Арригон, Вульфила и Конан, сменяясь поочередно, провели возле Рейтамиры почти трое суток. Женщина бредила, металась, сбрасывала с себя одеяло и надрывно кашляла. Иногда казалось, будто она приходит в себя, однако взгляд ее продолжал оставаться неосмысленным, а речи бессвязными.
Арригон пугался, говорил, что в жену его вселились злые духи здешнего леса, и Конан был склонен соглашаться с гирканцем; но Вульфила неизменно успокаивал: ерунда, сильная простуда, ничего больше.
Бертен вообще был несколько задет тем, что на него перестали обращать внимание. Он даже начал выходить из дома и тренироваться с мечом самостоятельно, делая выпады на лесной полянке и атакуя невидимого противника. Конан пару раз наблюдал за потугами принца и нашел их удовлетворительными.
Вульфила не был сведущ в научных трудах по медицине, зато неплохо разбирался в травах, поскольку в походах воинам не раз приходилось лечиться, что называется, на ходу. Он и изготавливал для больной целебные отвары.
— Главное, чтобы они не были ядовитыми, — советовал Конан. Он имел неприятное обыкновение говорить Вульфиле под руку, поэтому асгардец шипел и фыркал. Но Конан не переставал поддразнивать его: — Ты вытащил колючки из чертополоха? Они плохо развариваются!
— Уб-бью! — лаконично обещал Вульфила. Конан отпускал два-три замечания насчет травников, после чего оставлял наконец Вульфилу в покое.

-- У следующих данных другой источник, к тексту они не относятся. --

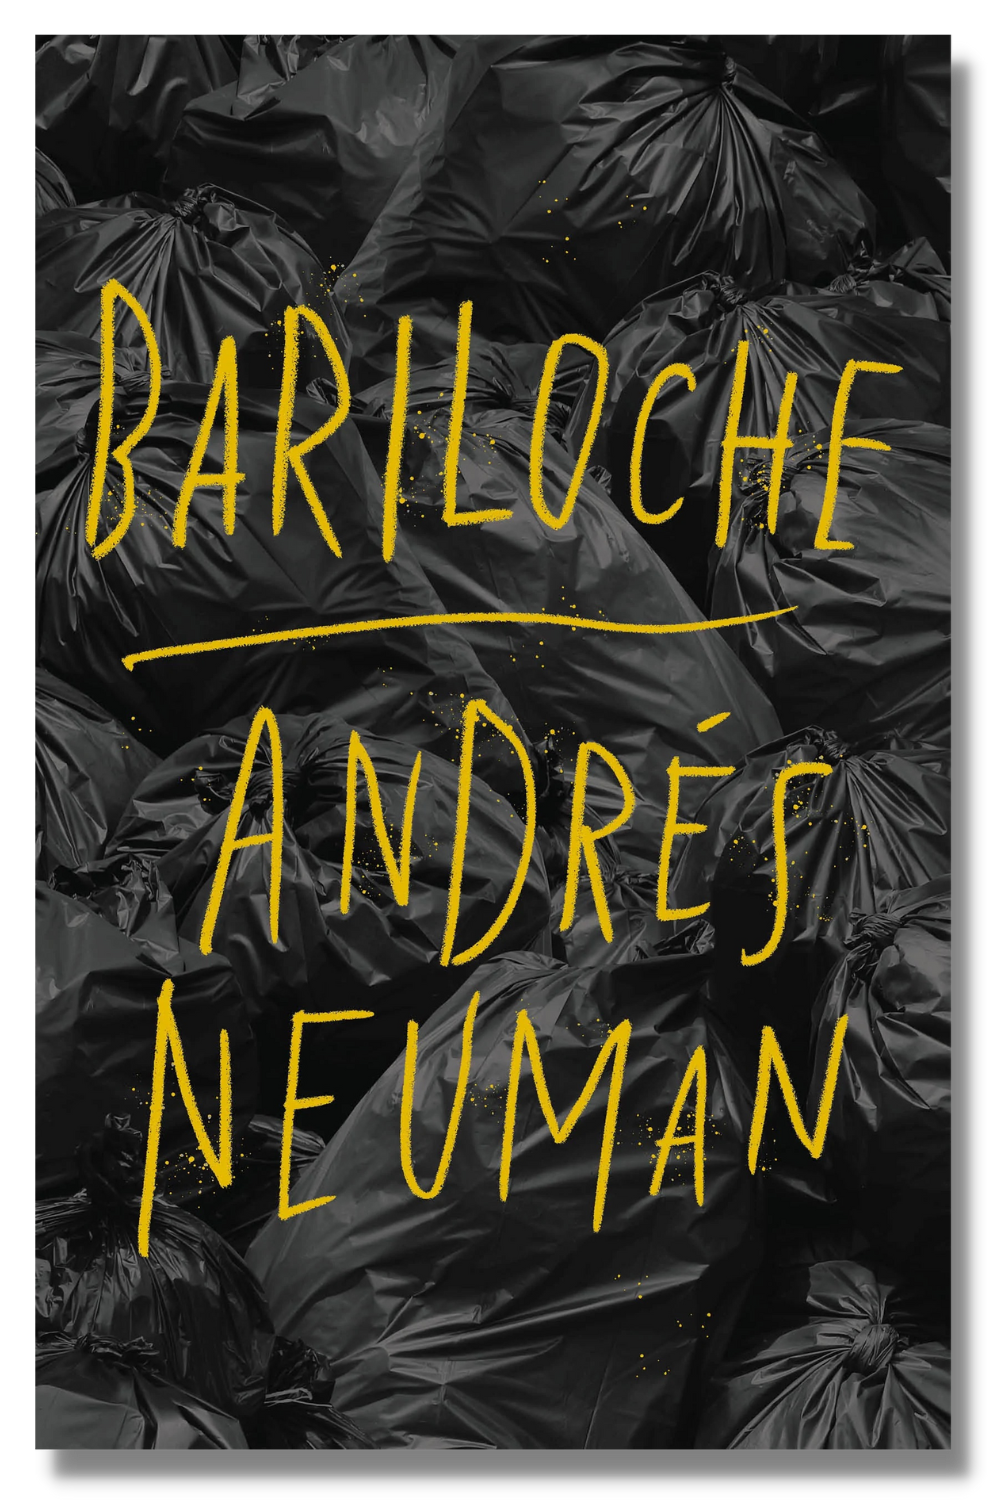 The cover of "Bariloche"

Наконец настали самые мрачные часы, когда уже стало казаться, что девушка никогда не поправится. Она слабела на глазах, худела, истаивала, словно сосулька в весенний день. Арригон ушел в лес, бессильно взывая ко всем богам, каких только мог припомнить, и к духам своего племени, проклиная их вероломство. Зачем только они дали ему жену! Для чего послали нежную подругу? Только для того, чтобы, насмеявшись над кратким исполнением человеческих надежд, потом так жестоко отнять ее? Будьте вы прокляты! Он стучал кулаком по стволам деревьев и бранился самыми жуткими словами.
А потом все разом закончилось. Рейтамира открыла глаза, и взгляд ее впервые за все эти долгие часы был ясным и осмысленным. Она узнала Вульфилу, чуть пошевелилась и позвала еле слышно:
— Арригон…
— Его здесь нет, — торопливо ответил Вульфила. — Пошел в лес…
— А… — Она сделала попытку приподняться. Вульфила набросился на нее и привалил ее к скамье.
— Л-лежи… Т-тебе нельзя шевелиться! Придавленная могучими руками Вульфилы,
Рейтамира слабо улыбнулась.
— Почему это?
— Б-болеешь… — объяснил Вульфила.
— Убери свои лапищи, медведь, ты ее задавишь, — недовольно вмешался Бертен, тщетно пытаясь скрыть облегчение. Случившееся с Рейтамирой пугало его, близость злых чар отзывалась в его больном теле так, словно кто-то нарочно бил по старым ранам.
Вульфила отошел в сторону и проворчал:
— П-пойду этого д-дурака искать… Арригона… П-пока он там от горя к-какого-нибудь несчастного в-волка голыми руками не п-порвал…

Глава восьмая
ПАУТИНА ПРЕДАТЕЛЬСТВА

Светлейший Арифин — несмотря на все свои титулы «кладезя премудрости» и прочие эпитеты, сопутствующие званию Верховного жреца Тайного Ордена, — недаром был торговцем. То есть — человеком абсолютно трезвомыслящим, стоящим на земле обеими ногами. Сам он, конечно, до того, что называлось «практическими действиями», никогда не опускался, поручал это рядовым исполнителям. Но общий план кампании разрабатывал сам.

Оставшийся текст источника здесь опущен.